PROBLEM TO WORK ON:
Could you copy exactly the lines below, beginning at the line with "Swindon, United Kingdom" and stopping after the line with "A White Box With A Blue Ribbon", with no pictures?

SUPPLIED RECORDS:
__________
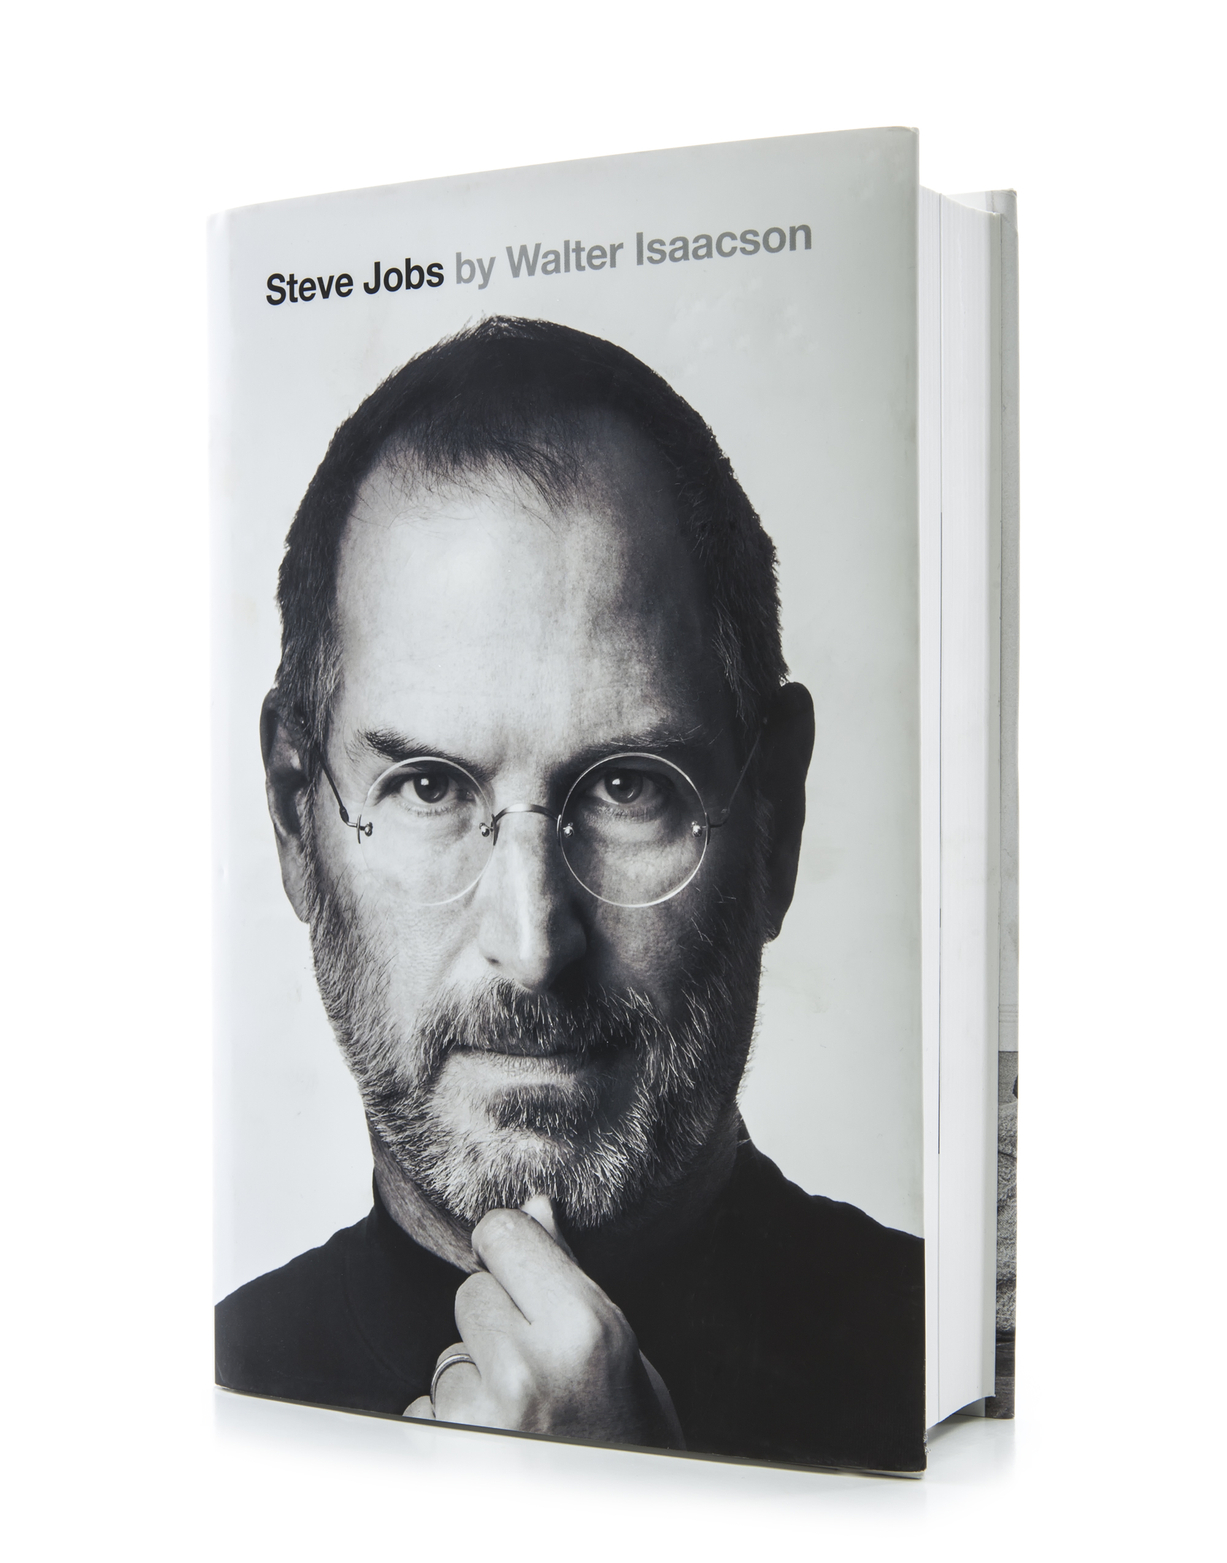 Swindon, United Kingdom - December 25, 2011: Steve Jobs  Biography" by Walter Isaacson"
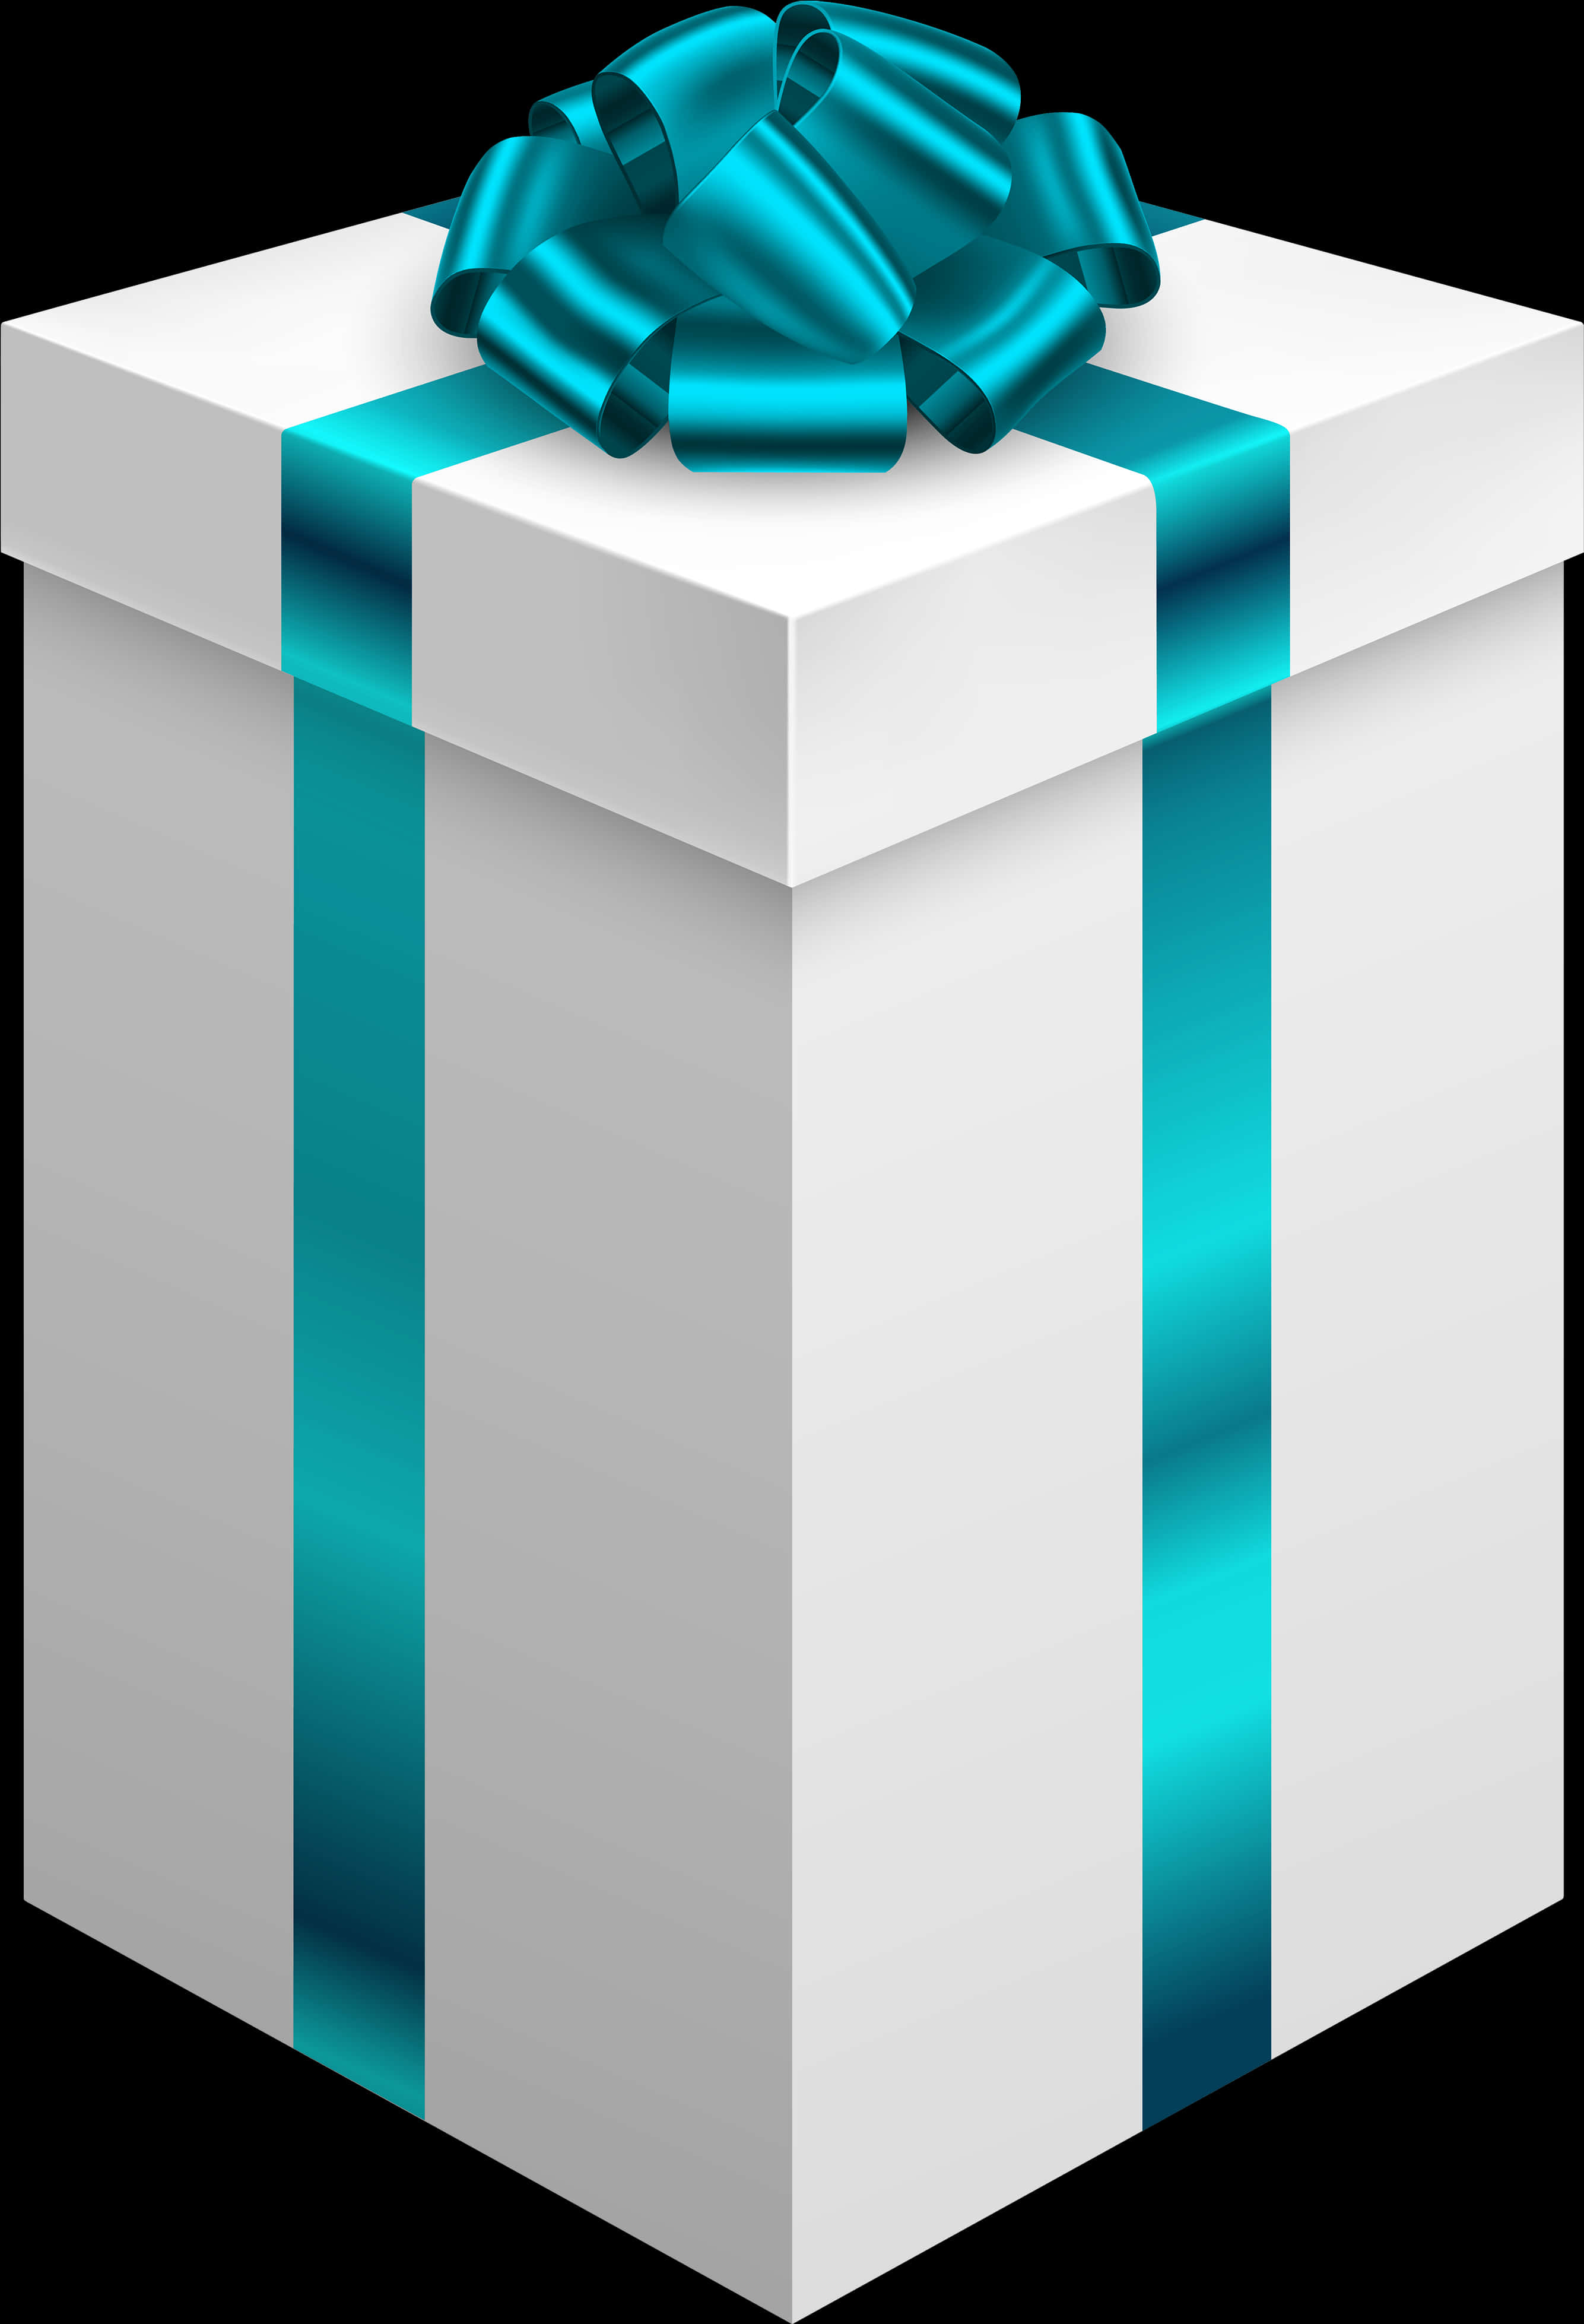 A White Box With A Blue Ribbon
__________
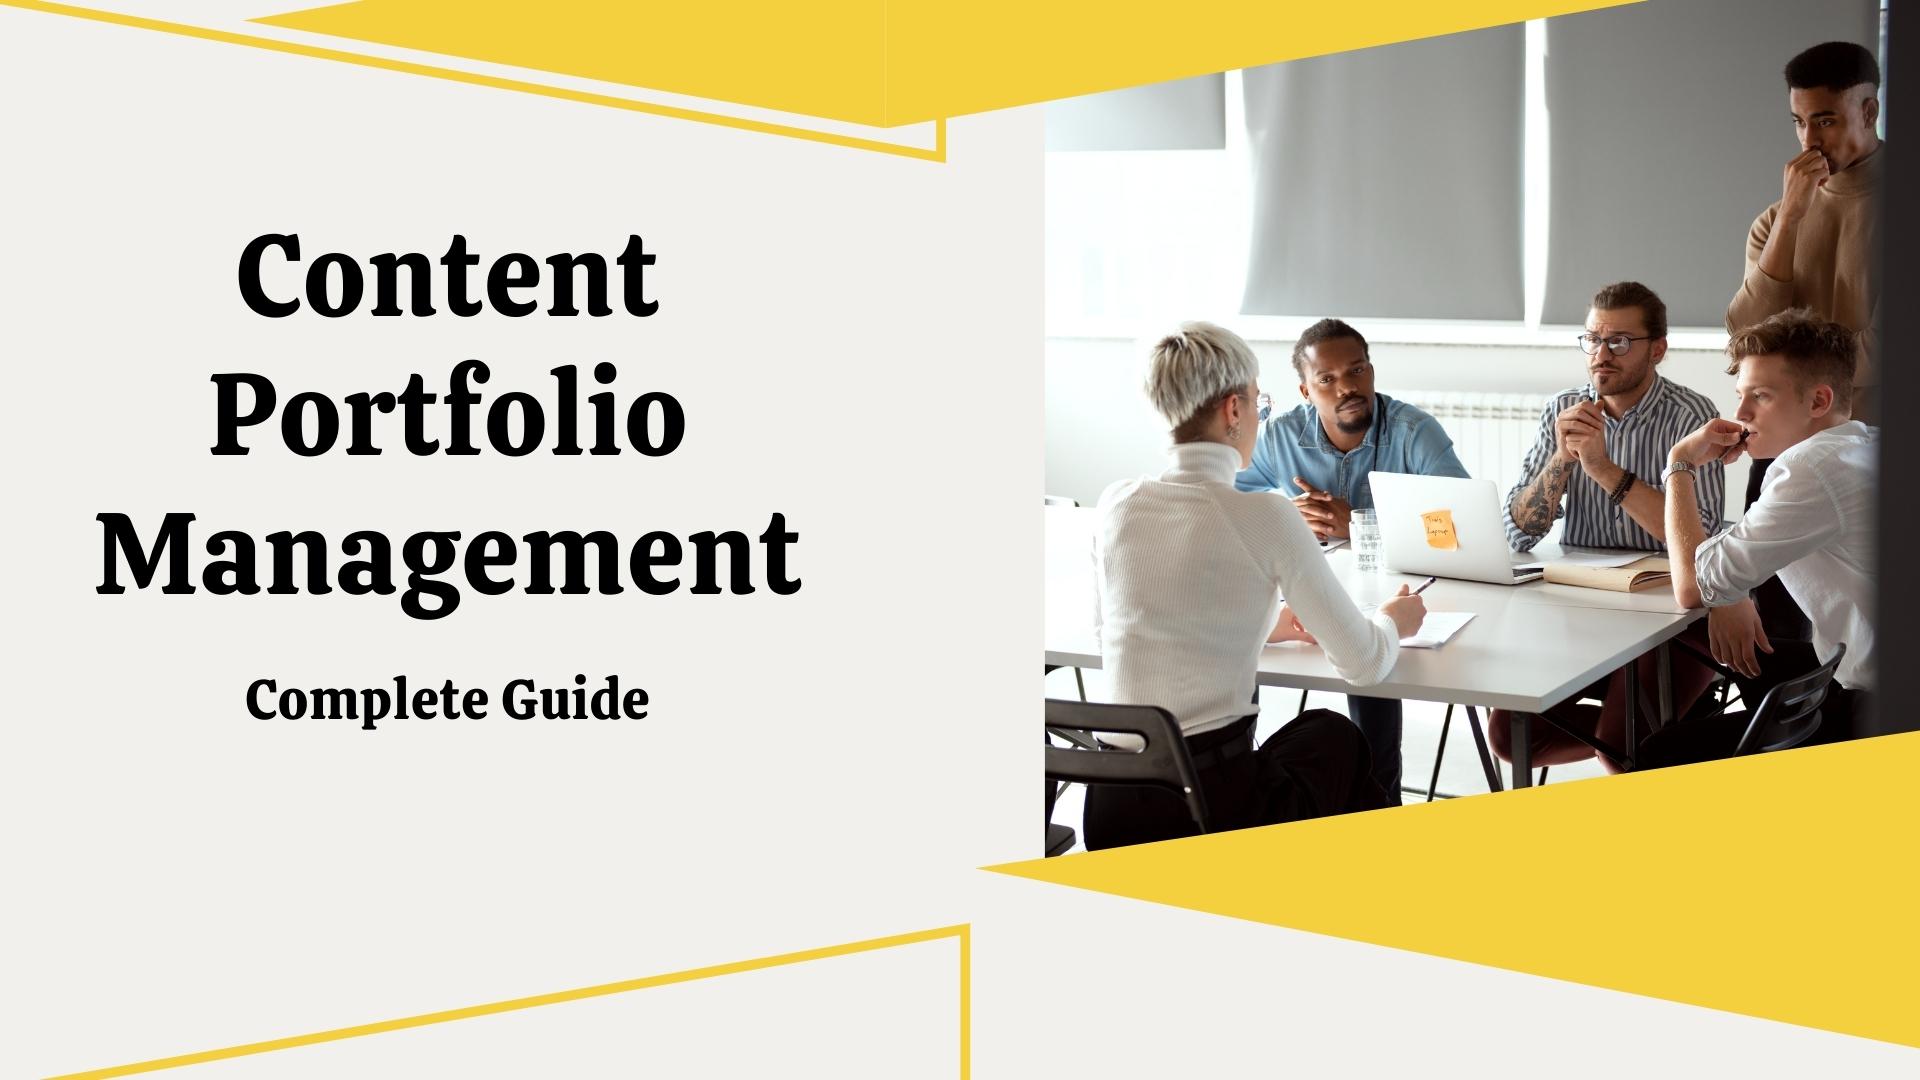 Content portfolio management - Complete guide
__________
RESPONSE BOX:
 Swindon, United Kingdom - December 25, 2011: Steve Jobs  Biography" by Walter Isaacson"
 A White Box With A Blue Ribbon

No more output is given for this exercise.